I was reminded of this yesterday while wearing my new, size "wishful thinking" boy short underwear that rolled down my hips and turned into bikinis under the stress of the ten pound spare tire that I just can't get rid of. Oh I have been really trying and walking my legs off every morning, but it just won't shift, and to add insult to injury, I have another birthday coming up in less than a week. Ugh. Is it just me, or does it seem like I've written a post like this before?

OK, after saying that I dislike salmon I am going to contradict myself and admit that there is one type that I have kind of grown to like.  It is a local product that is marinated in a sugary, salty brine and slowly smoked.  It is really good with a bagel that is slathered with cream cheese. I know, I know, that's not exactly low-cal, but I'm taking baby steps here.  Anyway, not only is it pretty expensive, it is also made with farm raised salmon that I personally am not really crazy about, so I don't buy much of it.

A few days ago a very generous neighbor brought some of his own smoked salmon down for us to try. It was love at first bite I tell you.  Just as good as that farm raised high dollar stuff, his salmon was sweet, smoky, and just the right texture which is firm and flaky, but not dry. Perfect for my morning bagel or a nice low-cal salad.

After picking his brain and doing some internet surfing, Mr. H and I came up with just the right ratio of sugar to salt to garlic that produces a piece of salmon just as good as the store bought stuff. The only inexact part of this recipe is the cooking.

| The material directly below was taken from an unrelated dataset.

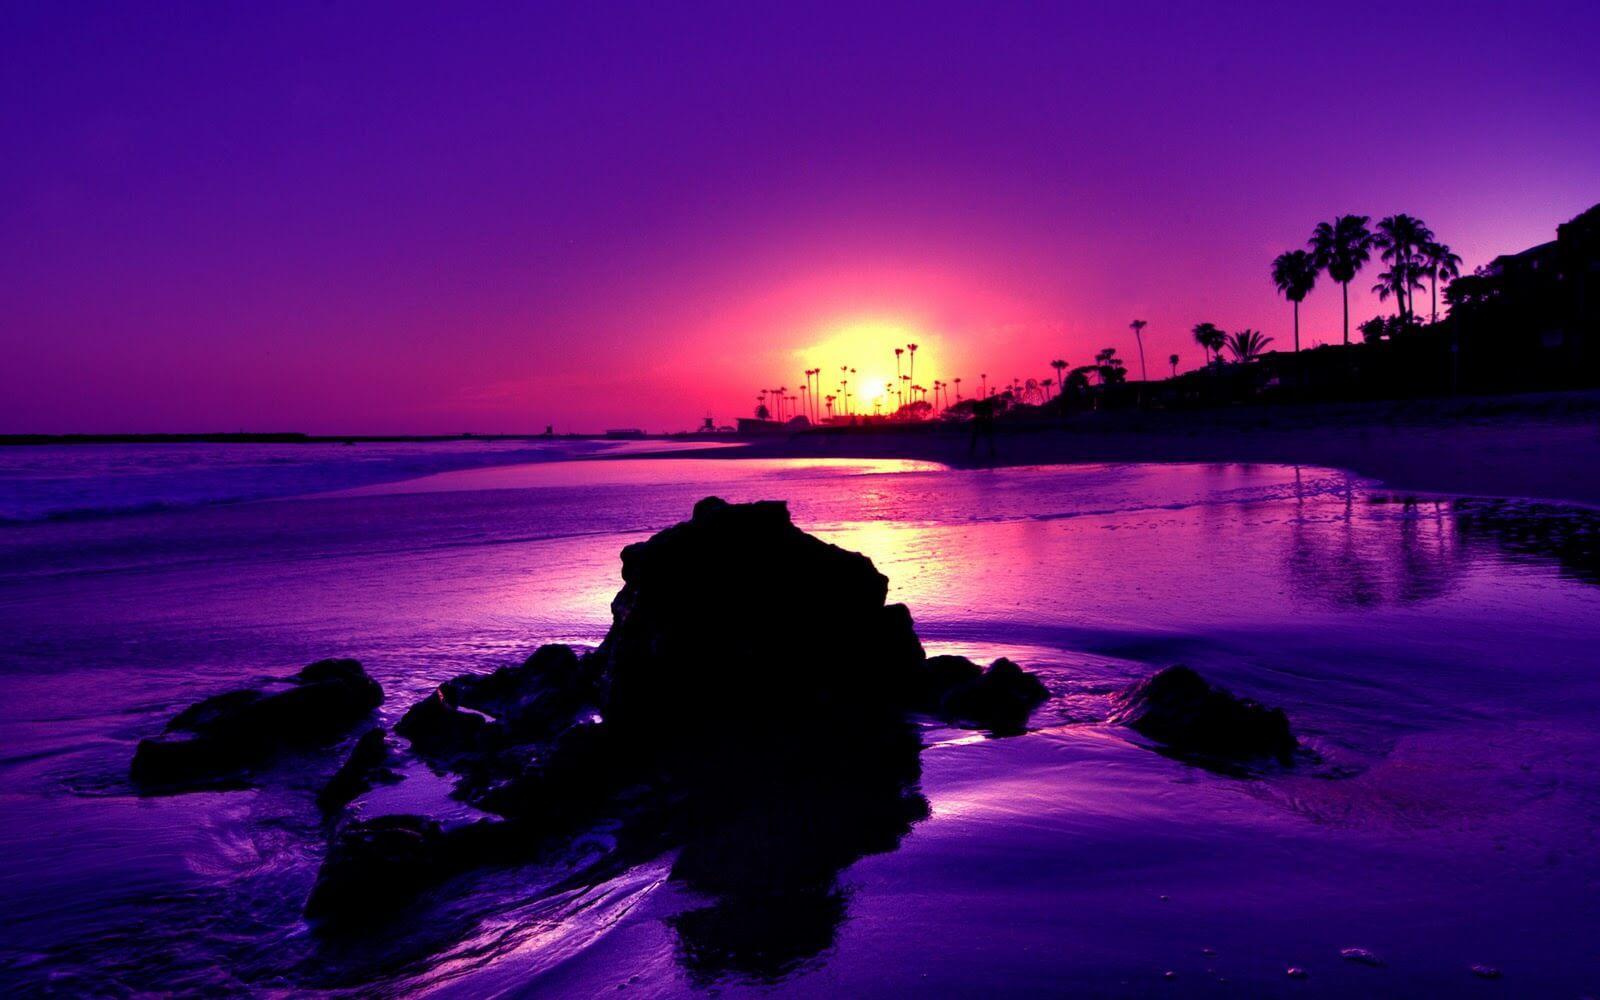 Live Sunset Wallpaper for Android - APK Download

Our neighbor said that he cooked his in his propane smoker at 150 degrees for about an hour.  Our fillet was 1/2" at one end and almost 1-1/2" at the thickest. We set our electric smoker (loaded with apple wood) at 150 degrees and our fillet took almost 2 hours, so your cooking time will vary depending on the size of your fillet and your smoker's temperature setting and accuracy.

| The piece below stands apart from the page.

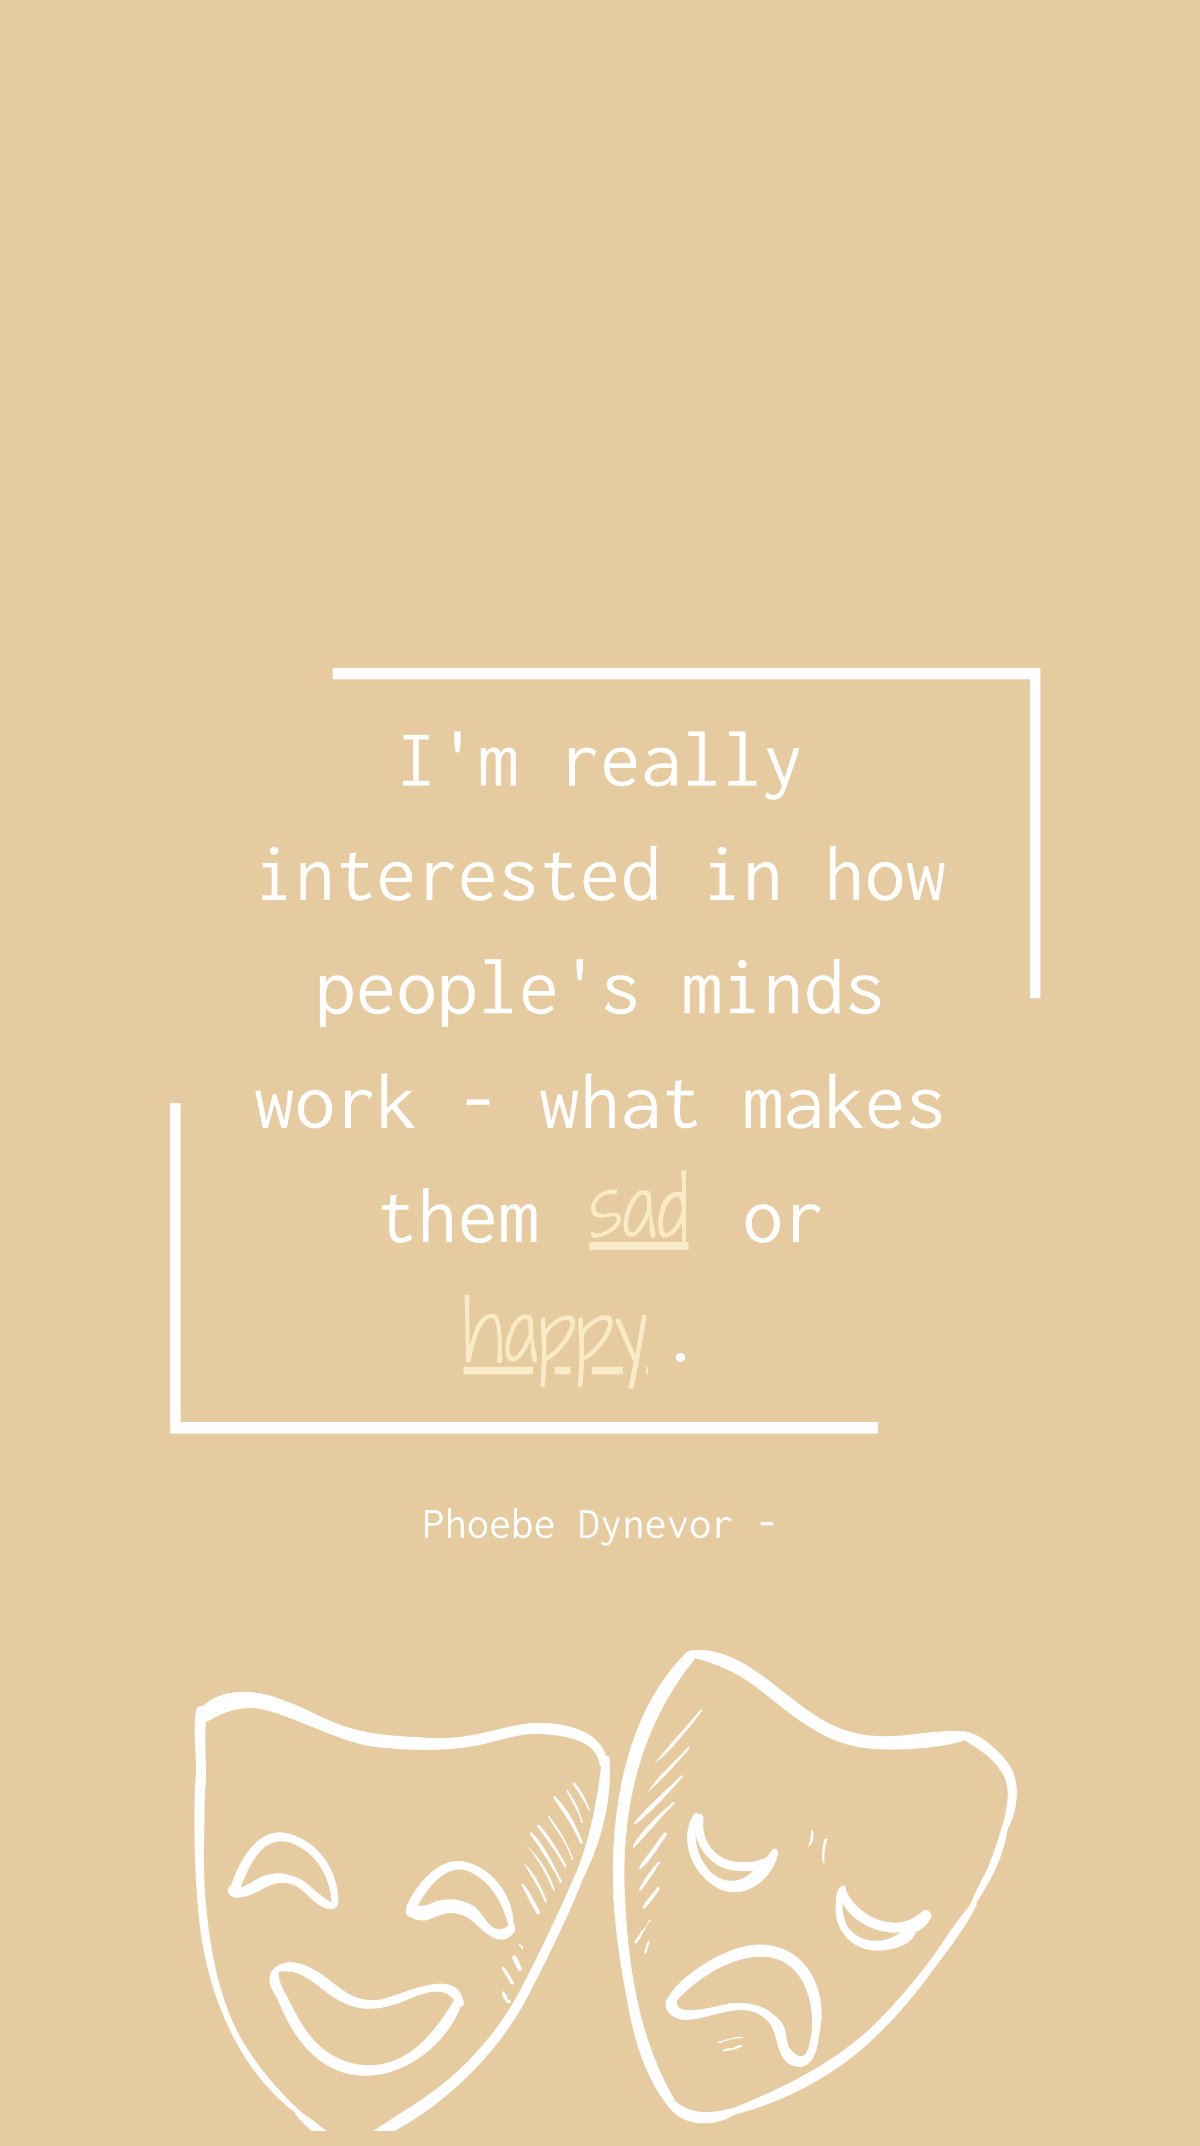 Phoebe Dynevor - I'm really interested in how people's minds work - what makes them sad or happy. Template

Knowing that not everyone has an outdoor smoker, I did a little research and found Saveur's instructions for a little makeshift indoor smoker that anyone can put together. Since this is very different from the one I used, you will have to watch your salmon carefully to get the desired doneness.  I do have to say that even though the folks at Saveur say they ordered their wood chips online, I buy mine at Lowe's and Home Depot. They are not as fine as the ones they use in the video but I would try them first before ordering any online.

Brown sugar, kosher salt, Gilroy garlic and $18.00 worth of wild king salmon. An unbeatable combination.

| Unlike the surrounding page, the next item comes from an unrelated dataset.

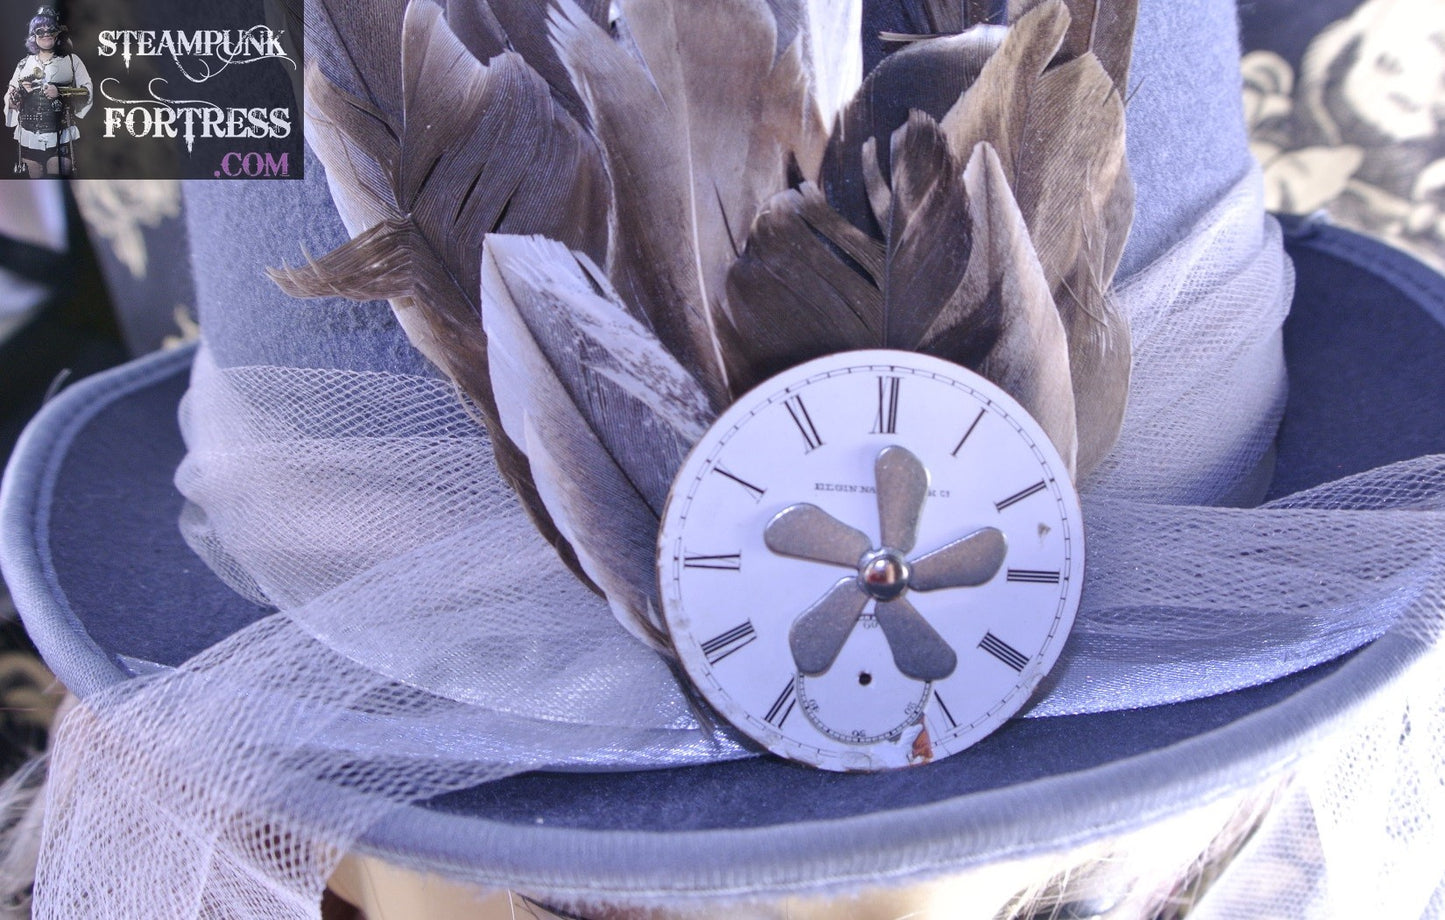 GREY GRAY DUCK FEATHERS ELGIN PORCELAIN AUTHENTIC GENUINE CLOCK WATCH FACE DIAL SILVER KINETIC SPINNING SPINS PROPELLER TULLE EXTRA LARGE XL VELOUR FULL SIZE TOP HAT STARR WILDE STEAMPUNK FORTRESS
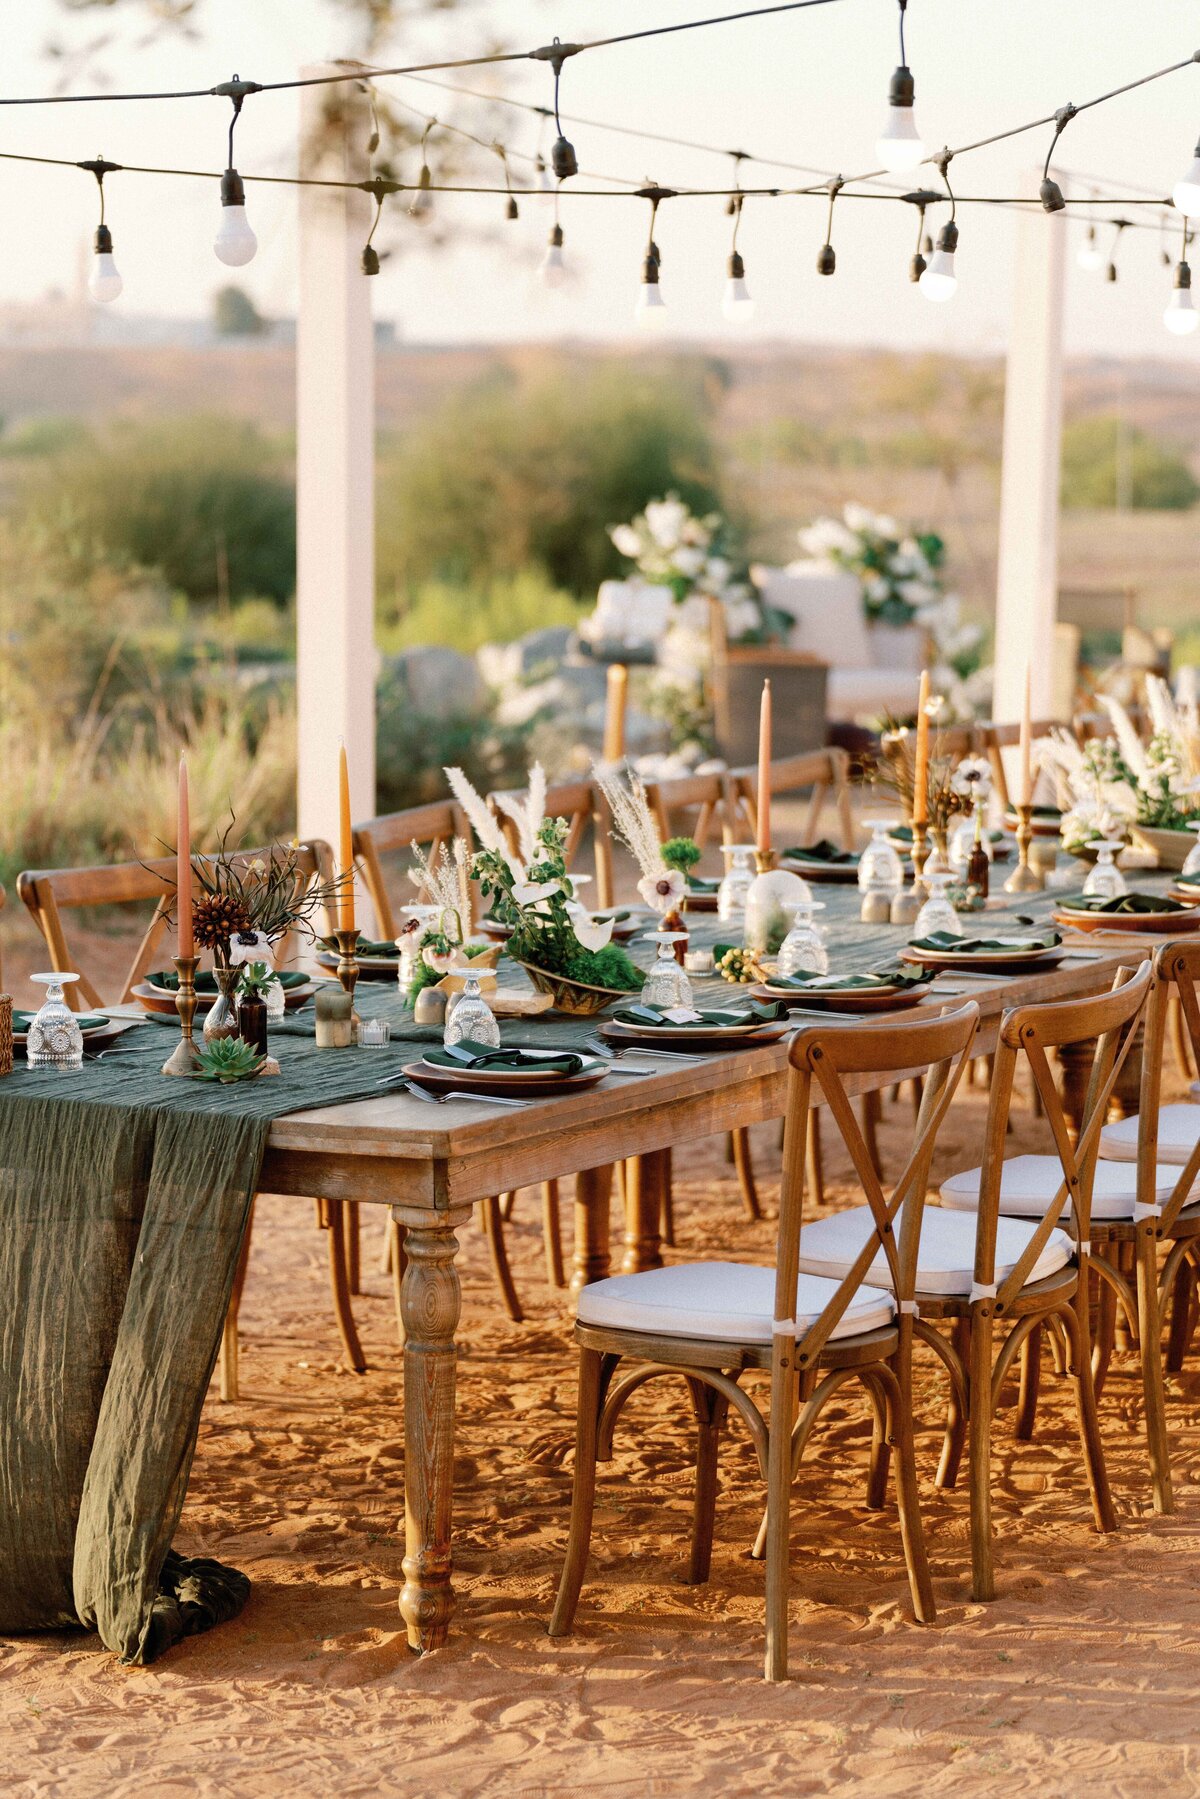 rock-your-event-wedding-styling-planner-designer-dubai-UAE-mountain-dining-experience

Brown Sugar Brined Smoked Salmon

1 pound wild king salmon fillet
1/2 cup slightly packed brown sugar
1 ounce kosher salt
1 large garlic clove, crushed

Rinse and dry salmon fillet.  Place in a flat, non-metallic dish with a lip (I like using my glass loaf pan); set aside.

In a medium size bowl, combine sugar, salt and garlic.  Place salmon, skin side down in the dish. Pack the brine mixture on top of the salmon. Cover with plastic wrap and refrigerate for 6 to 12 hours. You will notice as it sits, the brine will melt and produce a syrup that will run all over the fish.

Gently pack the sugar mixture on top of the salmon, cover it and place it in the refrigerator for 6 - 12 hours.  I prepped mine late one night and smoked it the next morning.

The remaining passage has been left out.